Health Canada announced Monday that it has suspended indefinitely the establishment licence for Canadadrugs.com, a decision that bars the Winnipeg-based business from shipping medications to other distributors or retail pharmacies.

During a routine inspection, the regulator found injectable drugs that were frozen when they should not have been. The company could not demonstrate it had systems in place to keep medications at the proper temperatures during storage and shipping, Health Canada said by e-mail.

"The lack of such controls for temperature sensitive products may affect the product's safety, efficacy and/or quality," it said.

However, Canadadrugs.com is still free to mail drugs to customers because that part of its business is licensed separately by the College of Pharmacists of Manitoba, a self-regulating professional organization that has not yet decided whether it will launch its own probe of the company.

"We're going to look at the information and get more details from Health Canada and [then] decide what action to take," said Ronald Guse, the college's registrar.

The Health Canada suspension is the latest blow for Canadadrugs.com, a long-time player in Manitoba's online pharmacy sector that was linked in 2012 to the distribution of a counterfeit cancer drug in the United States – a case that ended last summer with one of the company's consultants entering a guilty plea and forfeiting $6-million (U.S.) in cash and property, including a 2011 Aston Martin.

Canadadrugs.com has had problems keeping medications at the correct temperature in the past. Health Canada issued three separate recalls in March of this year for drugs Canadadrugs.com shipped wholesale – not to individuals – because of concerns the products were not kept at the right temperature.

The regulator recalled units of Myochrysine, an injectable treatment for rheumatoid arthritis, shipped to PharmaWest Pharmacy Ltd. in Langley, B.C.; units of Kenalog-40, an injectable steroid, shipped to Canada Diagnostic Centres in Alberta; and doses of Evra, a birth-control patch shipped to a B.C. pharmacy and on to users in the U.S.

Canada's online pharmacy industry rose to international prominence in the early 2000s when a handful of young entrepreneur-pharmacists from Manitoba started selling low-priced Canadian medications on the Web, largely to American customers. As the sector grew, a few of the more successful companies, including Canadadrugs.com, gobbled up competitors.

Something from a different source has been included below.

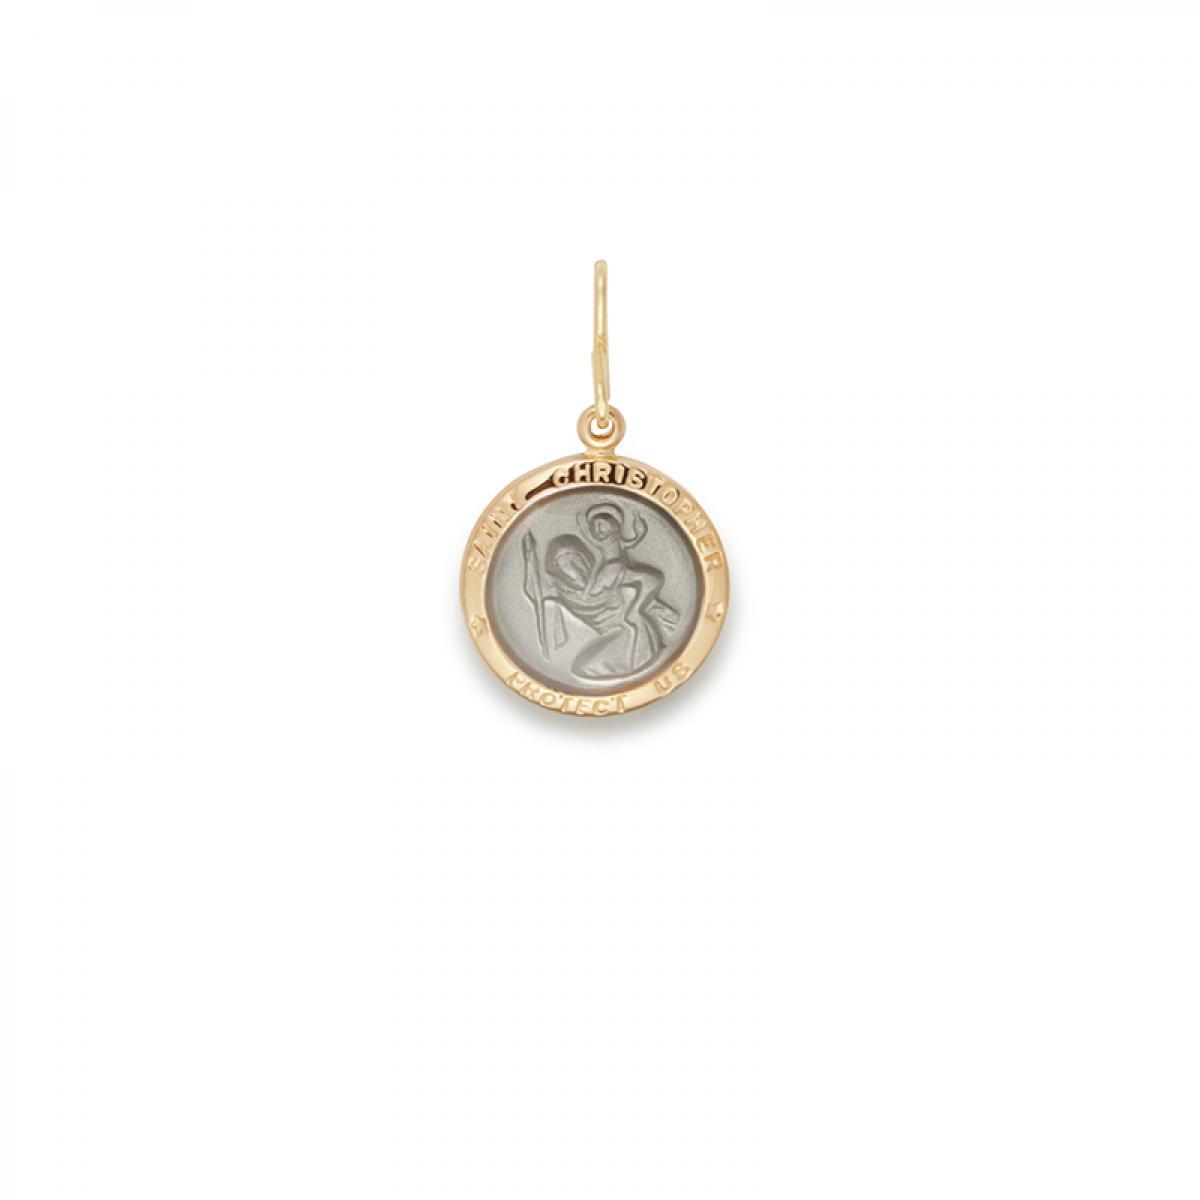 f535fd5b736 ALEX AND ANI. Women's Metallic Two Tone Saint Christopher Necklace Charm

"There has been a lot of consolidation in the industry," said Tim Smith, general manager of the Canadian International Pharmacy Association, which represents the bulk of the country's online pharmacies, including Canadadrugs.com. "The industry is roughly the same size as it was many years ago, but there are fewer players because of consolidation."

Canadadrugs.com lists hundreds of drugs for sale on its website, including 11 it touts as "more popular" prescription drugs such as Crestor, Lipitor and Celebrex.

The U.S. Food and Drug Administration has kept a close eye on Canada's Internet pharmacies. In September, 2012, the FDA sent a warning letter to Canadadrugs.com asking it to stop selling "unapproved" and "misbranded" drugs to customers in the U.S. under hundreds of Internet domains with names such as cheapmedscan.com, medsforamerica.com and PayLessMeds.com.

Canadadrugs.com did not return messages seeking comment.